- ABOUT THIS TASK -
The reply must consist of the complete listing, reproduced exactly, with no images included.

- DATASET CONTENT -
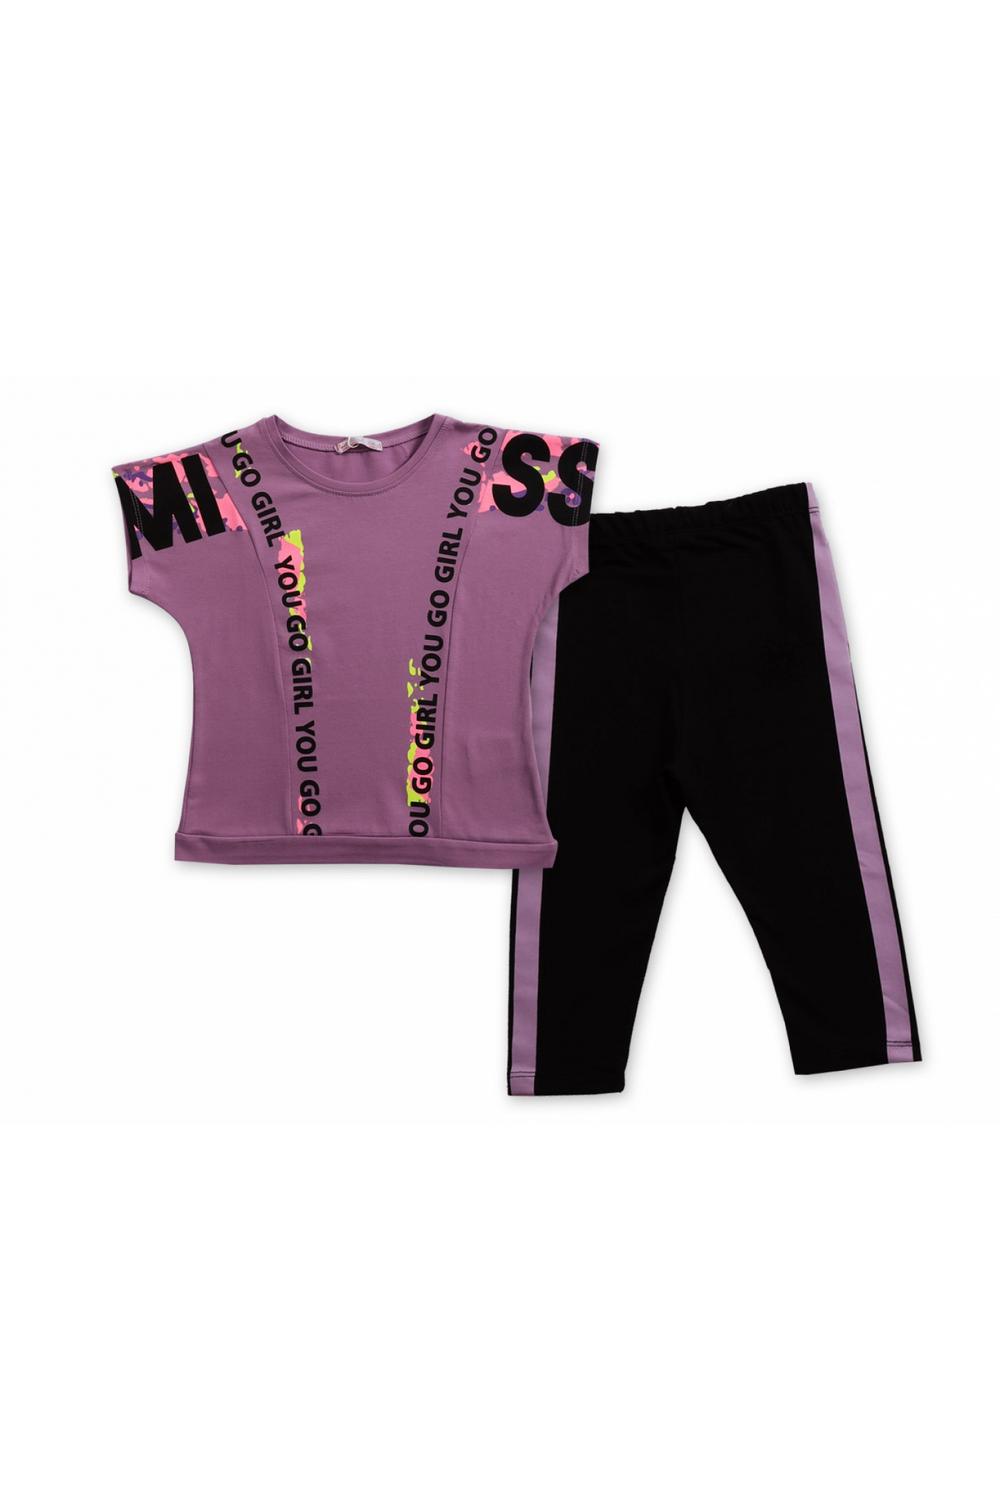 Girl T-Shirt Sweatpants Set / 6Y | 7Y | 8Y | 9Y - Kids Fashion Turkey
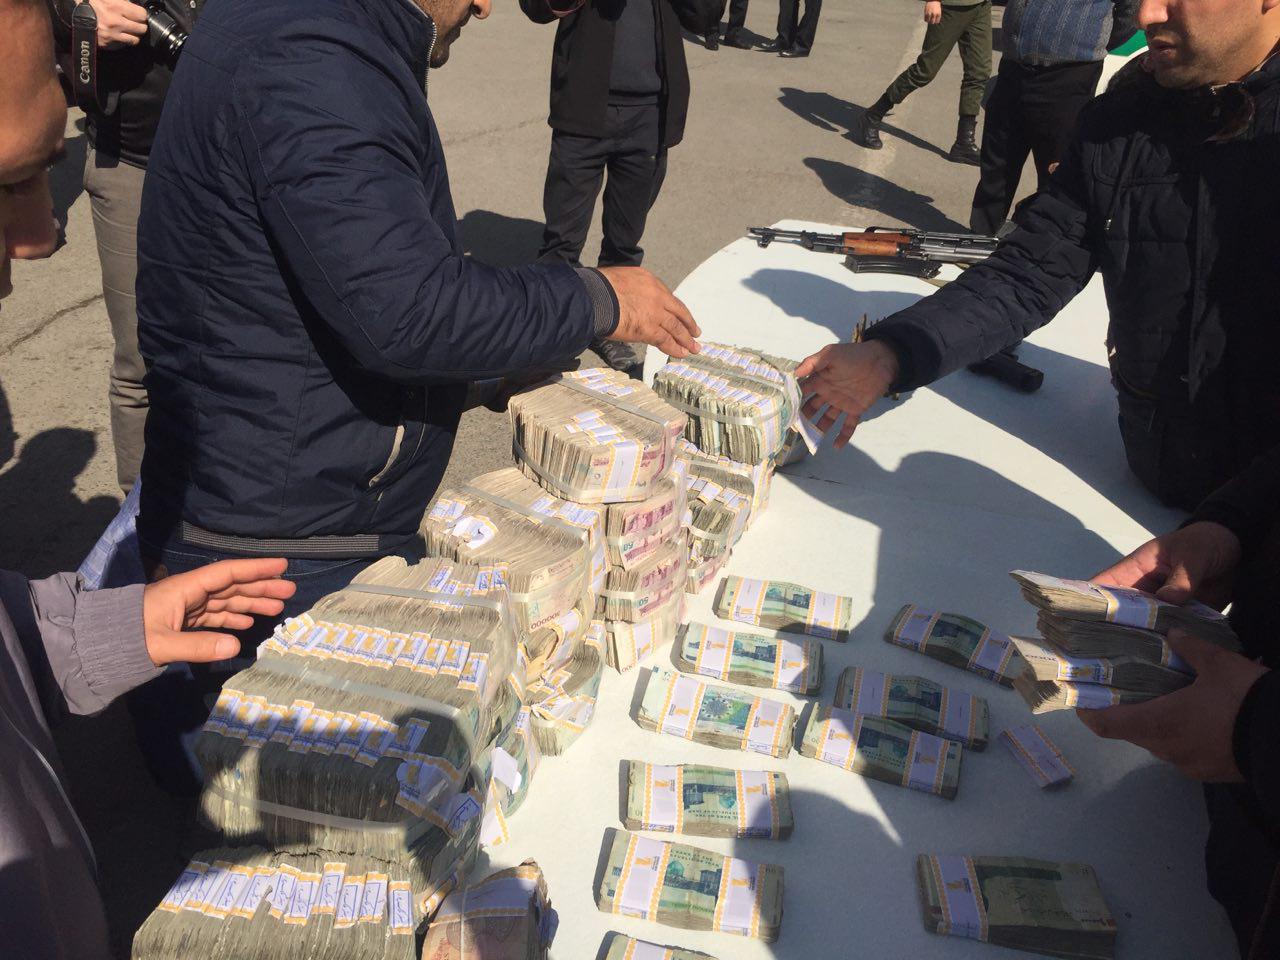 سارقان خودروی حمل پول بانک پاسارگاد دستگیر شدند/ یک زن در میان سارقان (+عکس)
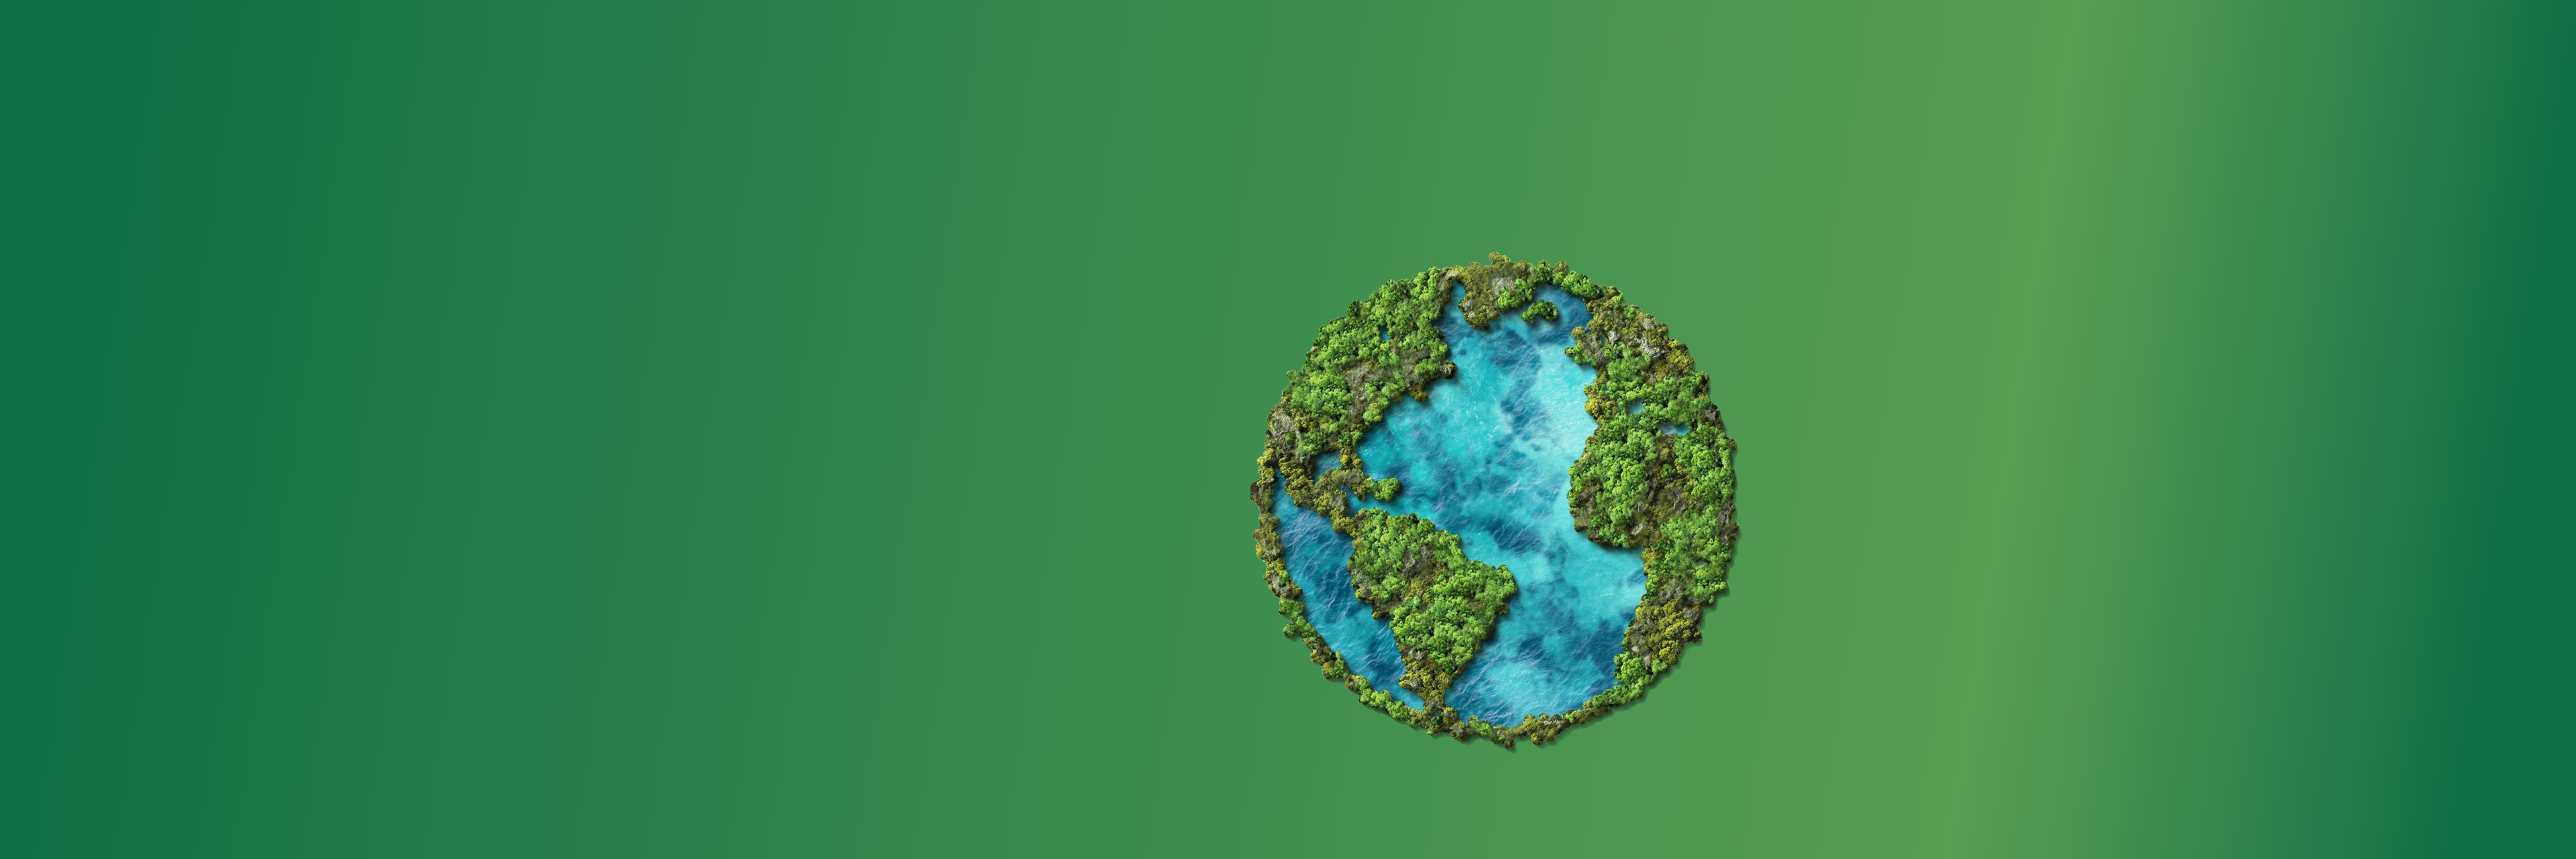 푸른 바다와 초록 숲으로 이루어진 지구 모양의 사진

- WRITTEN RESPONSE -
 Girl T-Shirt Sweatpants Set / 6Y | 7Y | 8Y | 9Y - Kids Fashion Turkey
 سارقان خودروی حمل پول بانک پاسارگاد دستگیر شدند/ یک زن در میان سارقان (+عکس)
 푸른 바다와 초록 숲으로 이루어진 지구 모양의 사진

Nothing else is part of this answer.